At least one network 104 is coupled to the sensors 102a and actuators 102b. The network 104 facilitates interaction with the sensors 102a and actuators 102b. For example, the network 104 could transport measurement data from the sensors 102a and provide control signals to the actuators 102b. The network 104 could represent any suitable network or combination of networks. As particular examples, the network 104 could represent at least one Ethernet network (such as one supporting a FOUNDATION FIELDBUS protocol), electrical signal network (such as a HART network), pneumatic control signal network, or any other or additional type(s) of network(s).

The system 100 also includes various controllers 106. The controllers 106 can be used in the system 100 to perform various functions in order to control one or more industrial processes.

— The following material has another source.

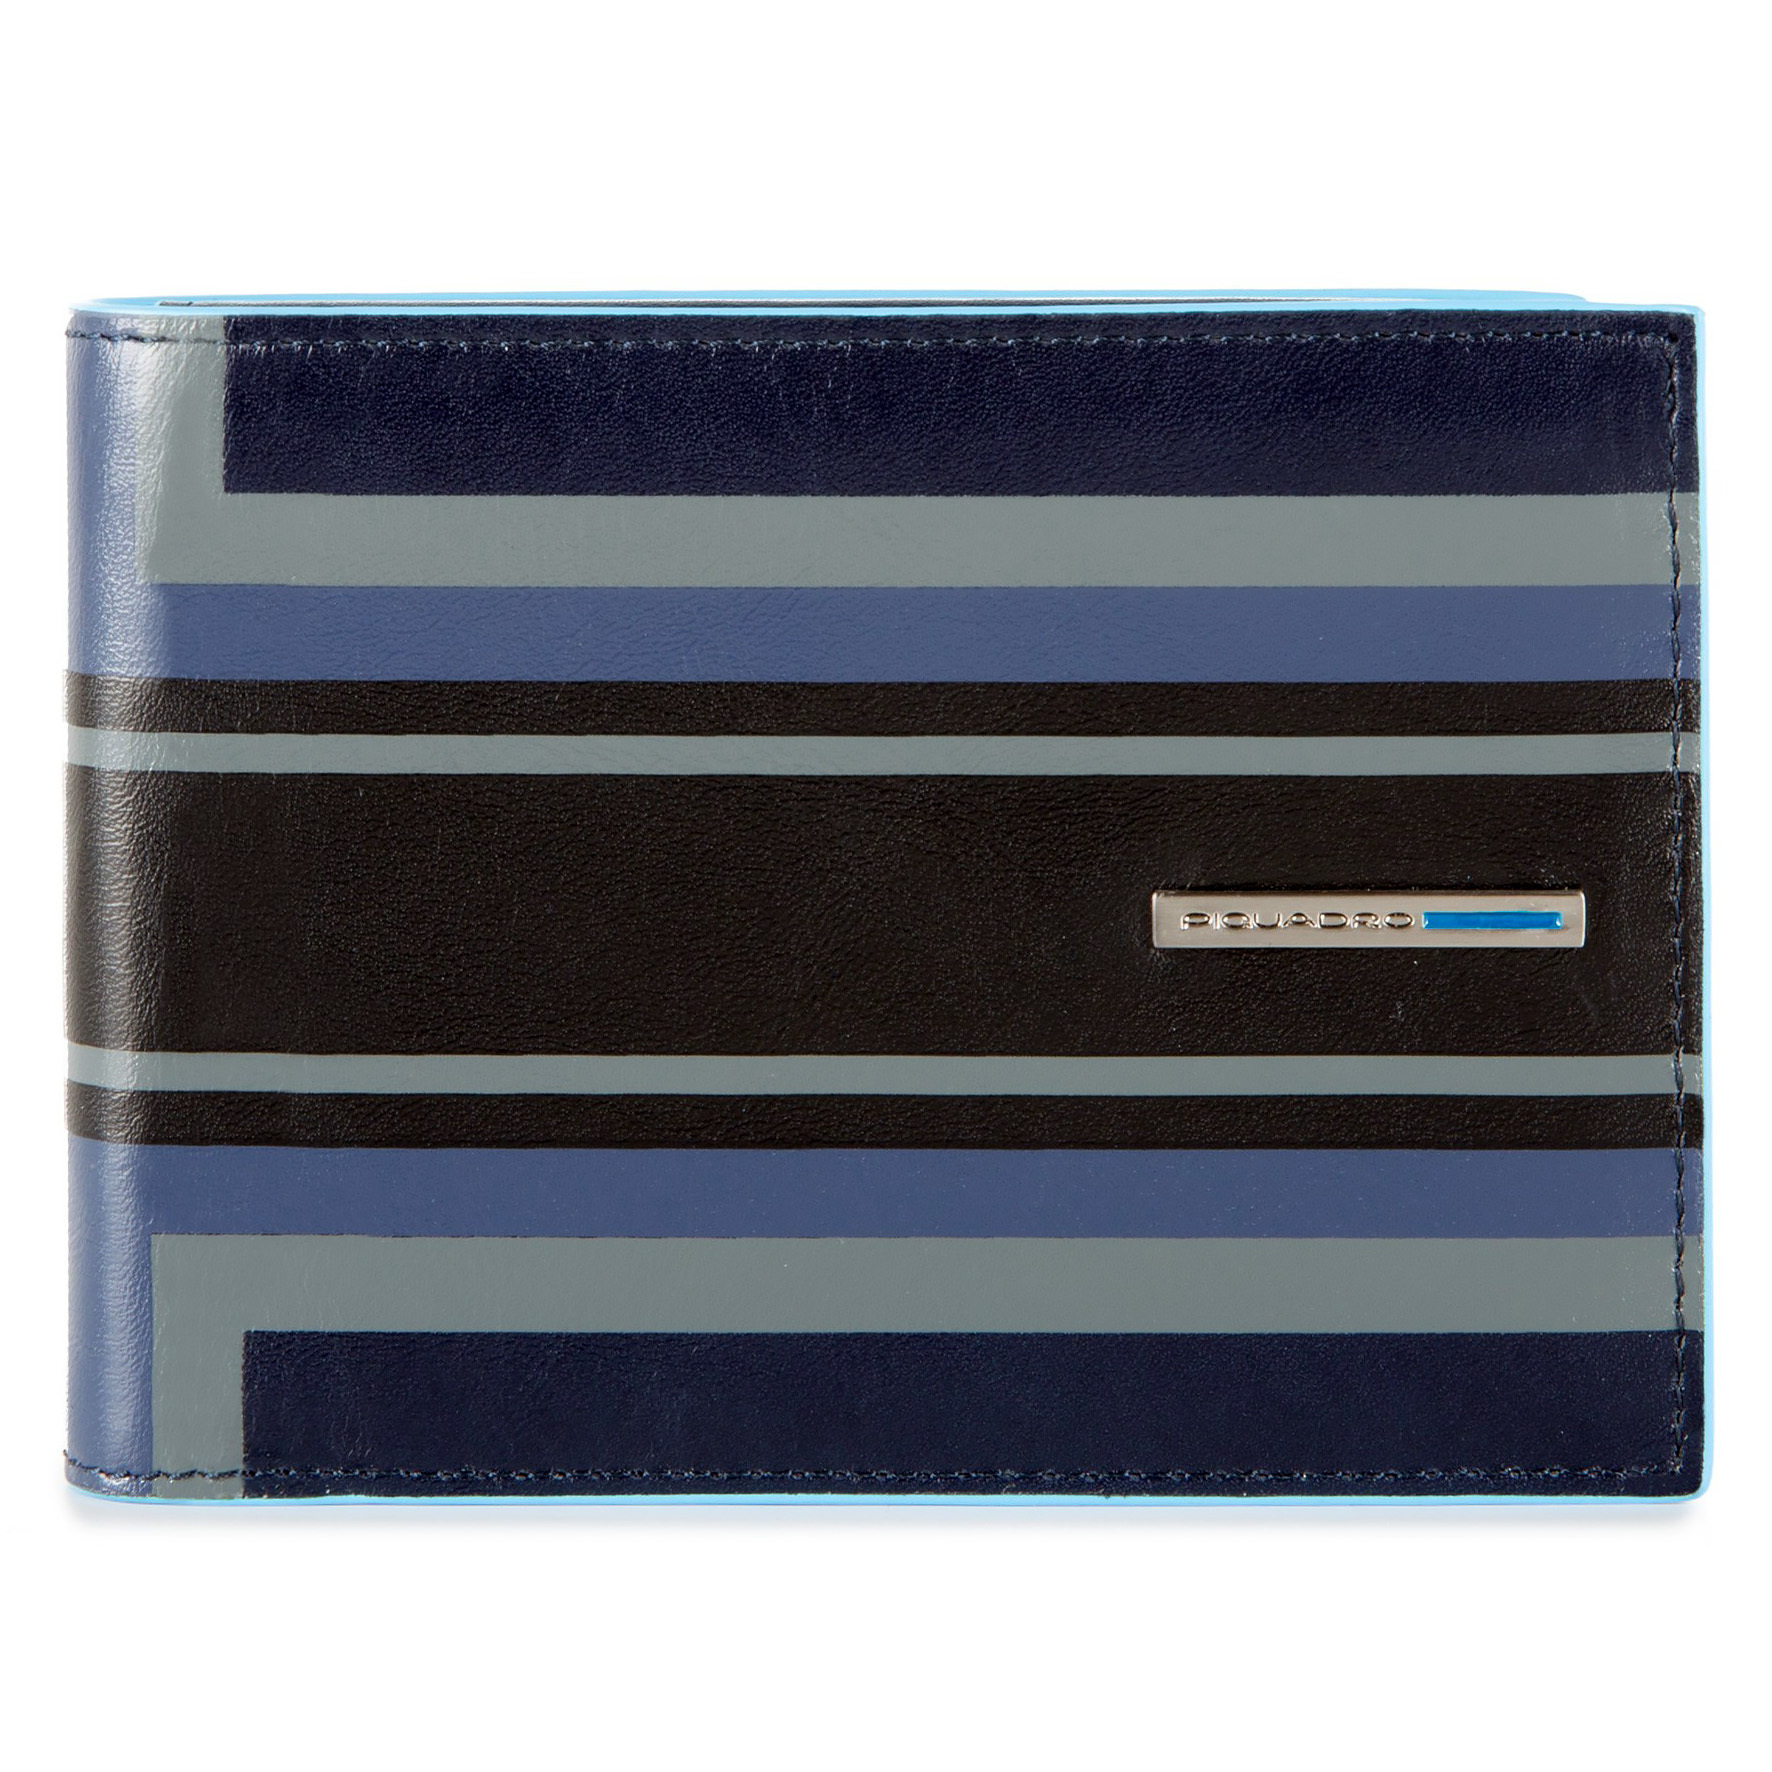 Кошелек мужской Piquadro Blue Square, цвет синий, 12,5x9x2 см (PU257B2SER/BLU)

For example, a first set of controllers 106 may use measurements from one or more sensors 102a to control the operation of one or more actuators 102b. For example, a controller 106 could receive measurement data from one or more sensors 102a and use the measurement data to generate control signals for one or more actuators 102b. A second set of controllers 106 could be used to optimize the control logic or other operations performed by the first set of controllers. A third set of controllers 106 could be used to perform additional functions. The controllers 106 could therefore support a combination of approaches, such as regulatory control, advanced regulatory control, supervisory control, and advanced process control.

Each controller 106 includes any suitable structure for controlling one or more aspects of an industrial process. At least some of the controllers 106 could, for example, represent proportional-integral-derivative (PID) controllers or multivariable controllers, such as controllers implementing model predictive control (MPC) or other advanced predictive control (APC). As a particular example, each controller 106 could represent a computing device running a real-time operating system, a WINDOWS operating system, or other operating system.

At least one networks 108 couples to the controllers 106 and other devices in the system 100. The network 108 facilitates the transport of information between components. The networks 108 could represent any suitable networks or combination of networks. As particular examples, the networks 108 could represent at least one Ethernet network.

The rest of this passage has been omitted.